Kingship

Japanese: 王権 - おうけん(英語表記)kingship
Kingship
The title of king generally means the supreme sovereign of a country, but its meaning is complex and it is difficult to give a general definition. The head of state of Britain, the king of a small Oriental country, and the chief of a tribe may all be called king. The title of imperator (the origin of the word emperor, meaning the highest military commander), used by Roman heads of state as a symbol of authority, was an expression that avoided the more superior title of "king," but it changed to something that surpassed kings in the universal nature of its rulership. When the Germanic people invaded Rome at the end of the Western Roman Empire, the Germanic kingship, which was originally only the power of a tribal chief, changed to one that incorporated the Roman idea of ​​the emperor and the religious elements seen in the even older theocracy of the Orient. Later, when the Frankish king Charles I (the Great) was crowned in 800, it can be said that the Germanic kingship had clearly been assimilated into the idea of ​​Roman imperial power. Even kings in regions that did not come under the rule of Charles I and his descendants were quick to assert their own dignity by using imperial ceremonies and decorations. Medieval European political theory likened the Pope and the Emperor to the Sun and the Moon, and the kings to the lesser satellites, but in the late Middle Ages, during the transitional period from the collapse of feudal society to the establishment of modern civil society, the monarchy, acting as a mediator between the declining feudal powers and the rising bourgeois class, was granted unlimited and absolute power (→ absolutism). With the collapse of absolute monarchy by the civil revolution, the monarchy in Europe largely lost its political function, and today the title of king is perceived as an independent international status as the sovereign of a country.

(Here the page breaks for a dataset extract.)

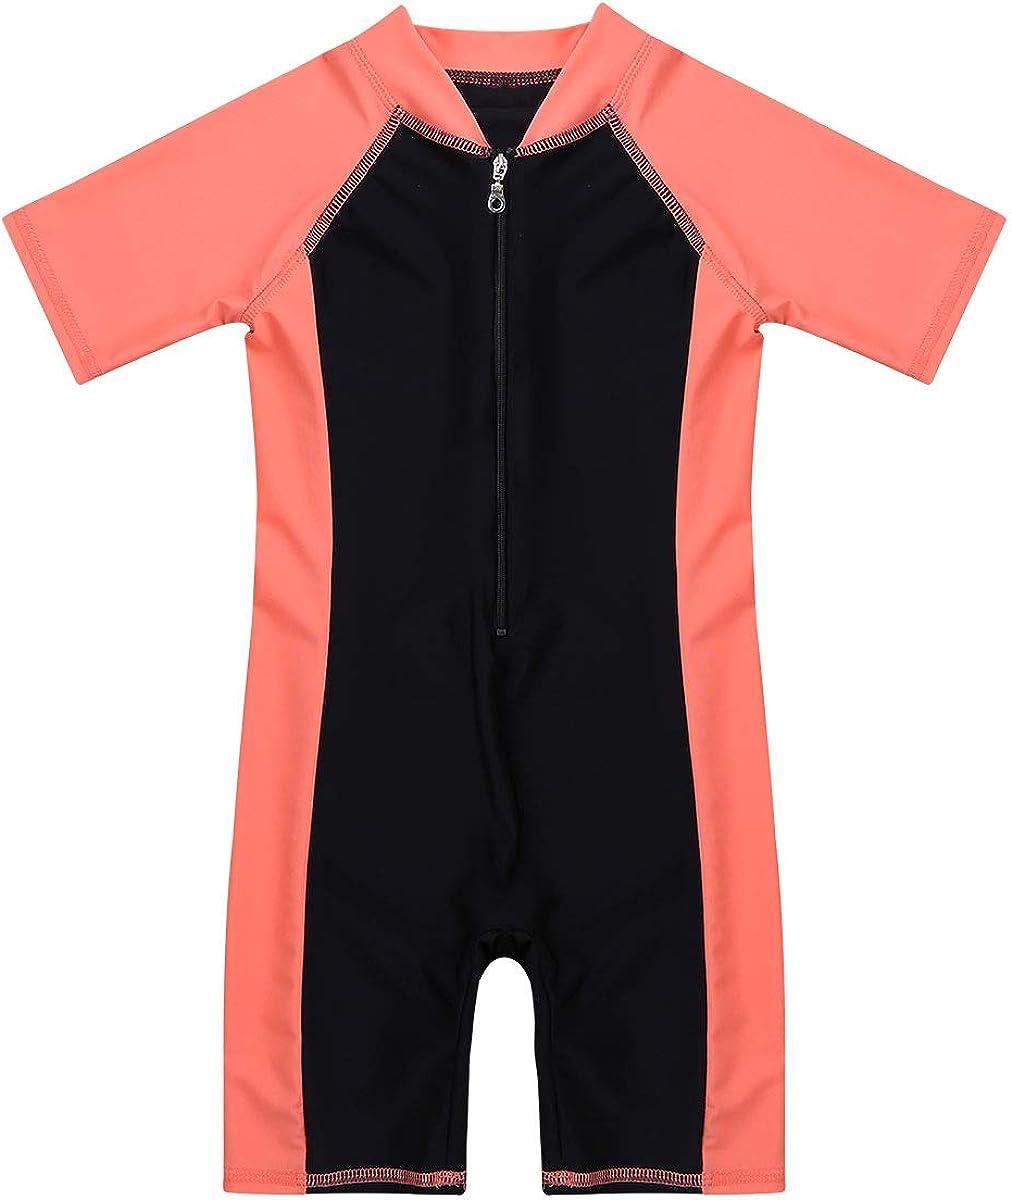 TTAO Kids Boys//Girls One Piece Short Sleeves Zippered Rash Guard Shorty Wetsuit Swimsuit Bathing Suit UPF 50+

Source: Encyclopaedia Britannica Concise Encyclopedia About Encyclopaedia Britannica Concise Encyclopedia Information

Japanese:
王という称号は,一般的には一国の最高主権者を意味するものであるが,その内容は複雑で,総括的定義は困難である。イギリスの元首も,東洋の一小国の王も,部族の首長も,同じく王という名で呼ばれることがある。ローマの元首たちが権威の象徴として用いたインペラトル (皇帝の語源,最高の軍指揮官の意) の称号は,より優位の称号である「王」を避けた表現であったが,その支配権の普遍的性格において王を上回るものに変った。西ローマ帝国の末期,ゲルマンがローマに侵入すると,もともと部族の首長の権力にすぎなかったゲルマンの王権は,ローマの皇帝観念や,さらに古い時代のオリエントの神権政治にみられた宗教的要素を加味したものに変化していった。その後フランクの王カルル1世 (大帝)が戴冠した 800年の時点で,ゲルマンの王権は明らかにローマ的帝権の観念に同化したといえよう。カルル1世とその子孫の支配下に入ることのなかった地域の王たちさえも,皇帝の儀礼や装飾を用いてみずからの尊厳を主張するに急であった。中世ヨーロッパの政治理論は,教皇と皇帝を太陽と月,王たちをそれ以下の衛星に見立てたが,中世末期,封建社会の崩壊から近代市民社会の成立にいたる過渡期には,没落する封建的勢力と,上昇する市民階級の調停者としての王権は,無制限の絶大な権力を付与された (→絶対主義 ) 。市民革命による絶対王政の崩壊とともに,ヨーロッパでは王権がかつてもっていた政治的機能を大幅に失い,現在では,王の称号は,一国の主権者としての一個の独立した国際的地位を意味するものと受取られている。